*Problem*:
Reproduce the listing below exactly. Pictures do not belong in the copy.

*Supplied information*:
------------
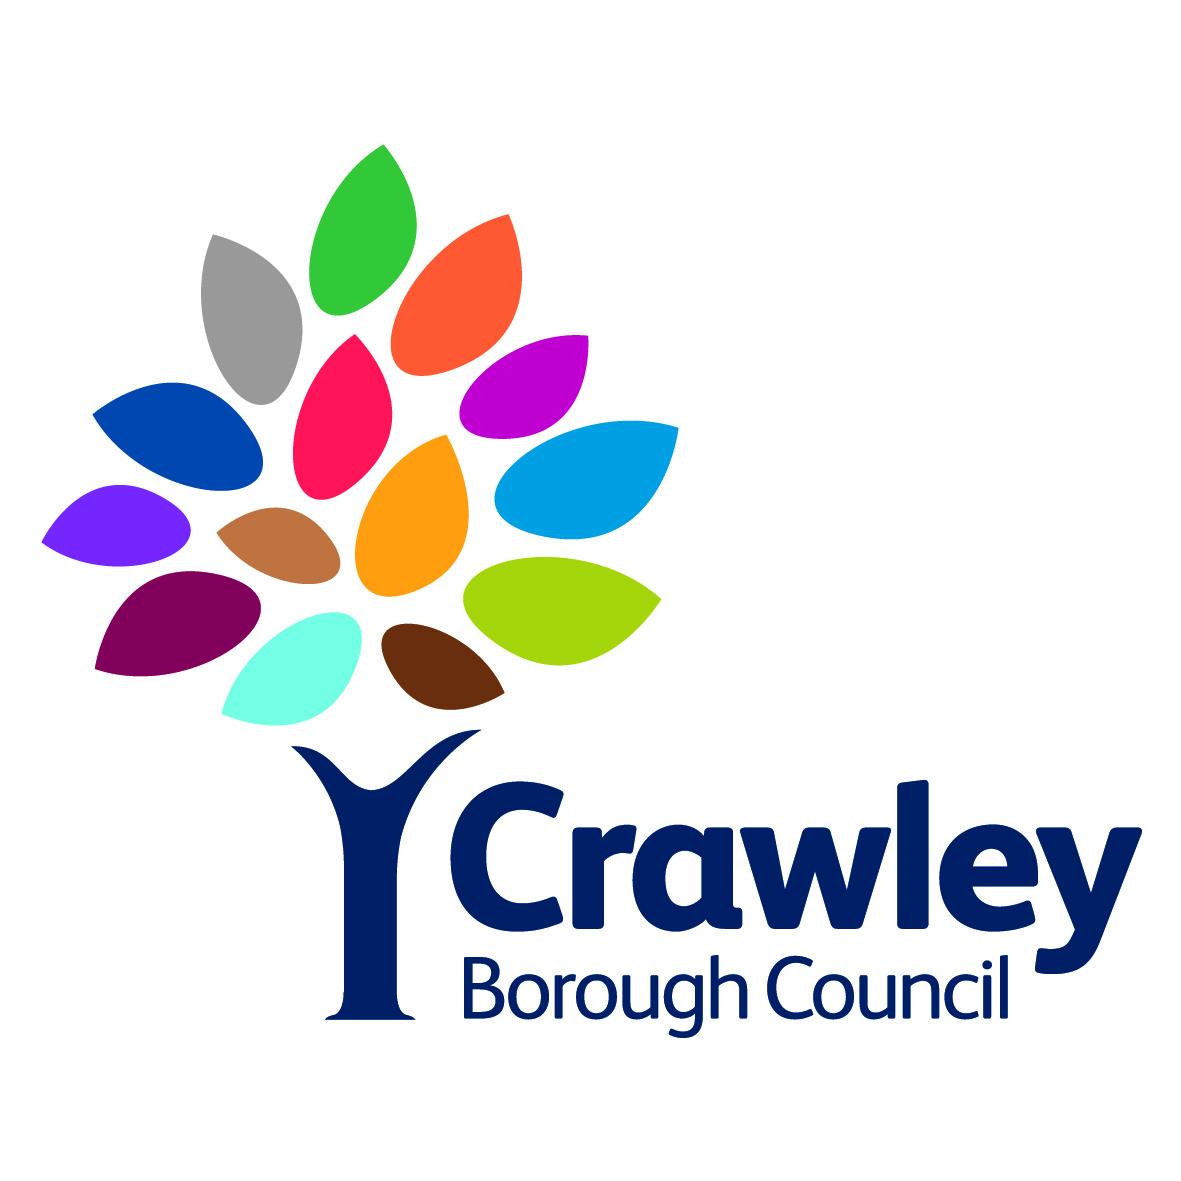 crawley_bc_logo_cmyk_002_1181_01
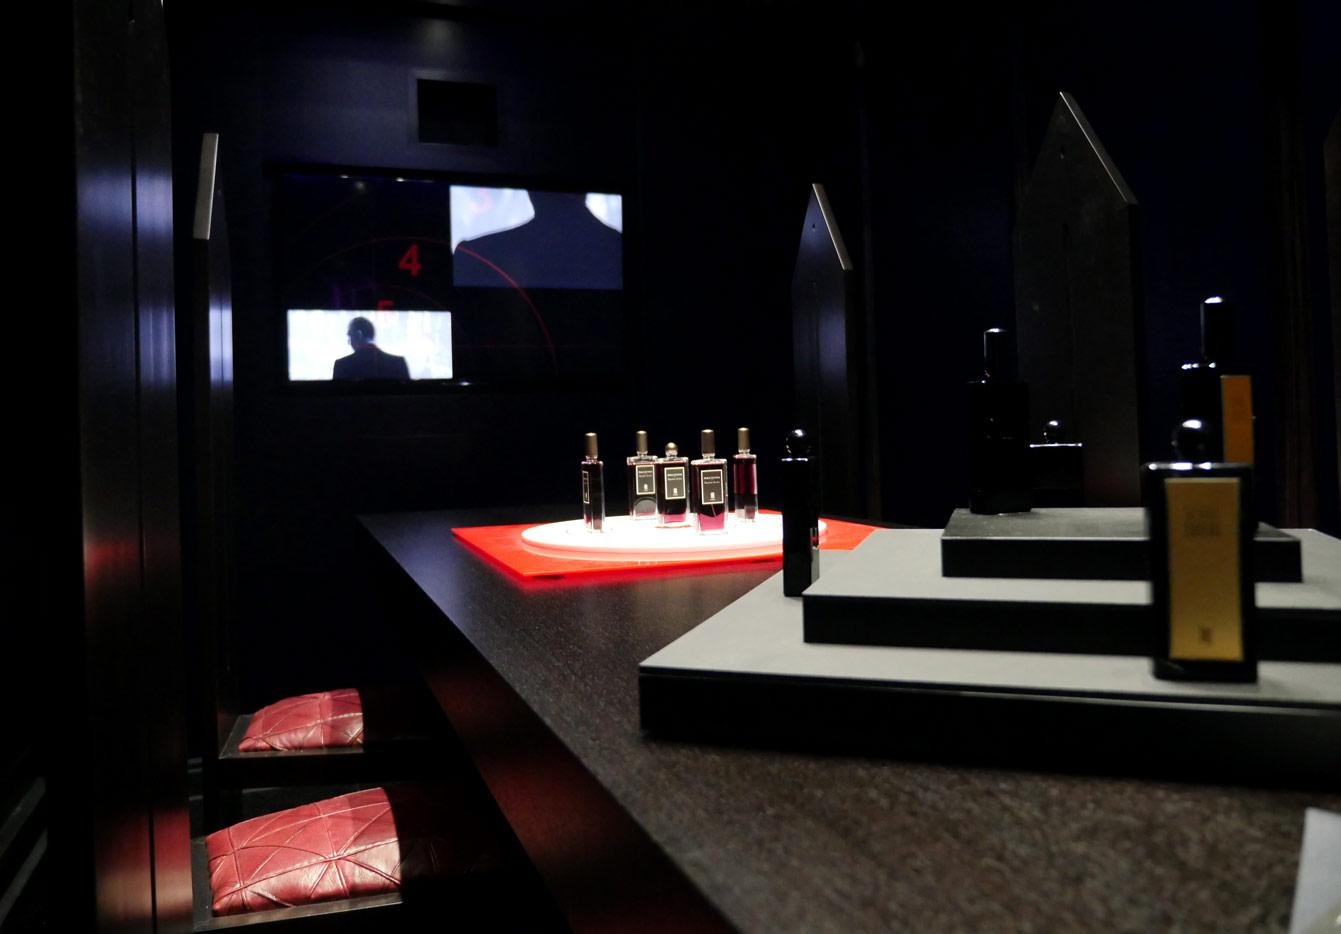 serge-lutens-espace-palais-royal-11
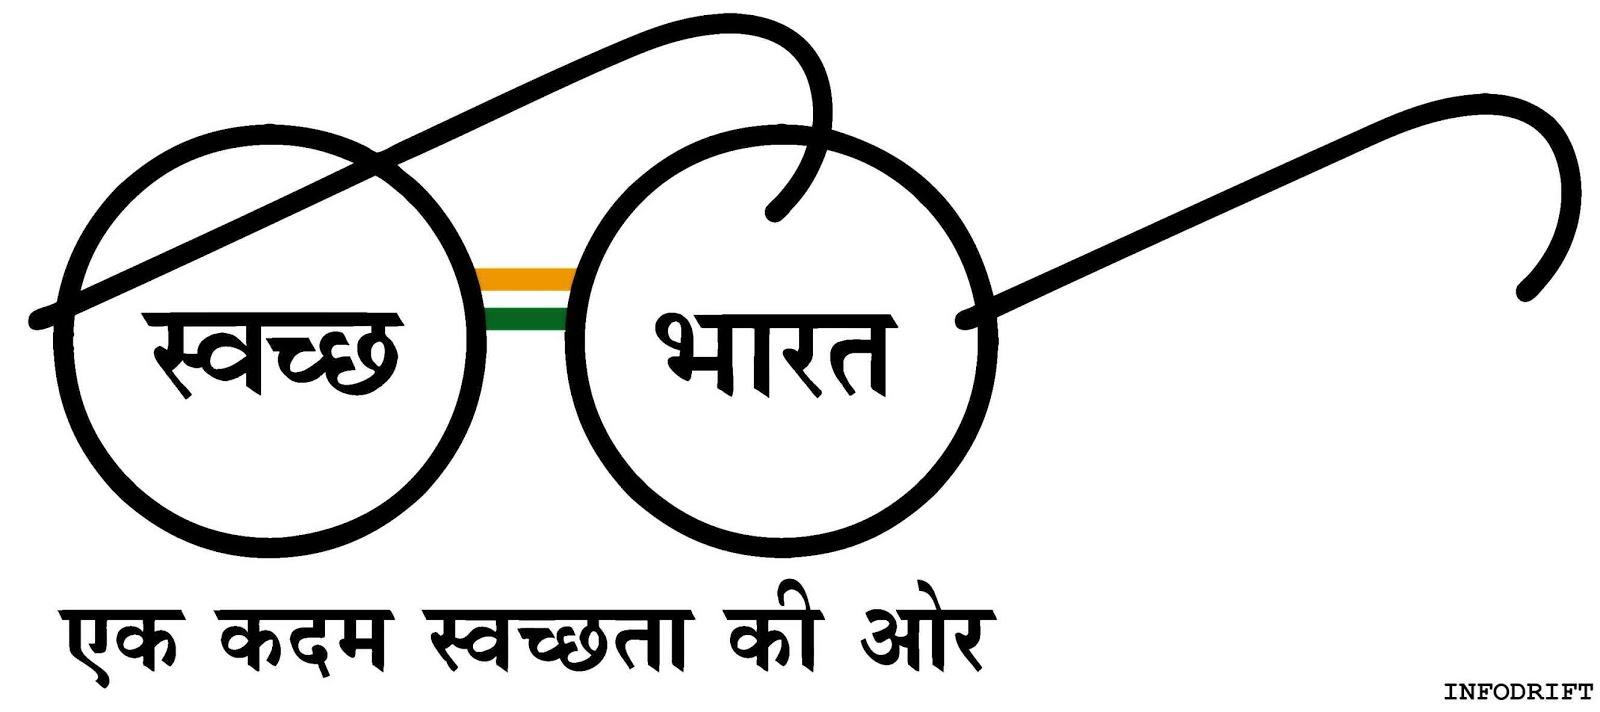 Swatchh Bharat mission
------------
*Answer space*:
 crawley_bc_logo_cmyk_002_1181_01
 serge-lutens-espace-palais-royal-11
 Swatchh Bharat mission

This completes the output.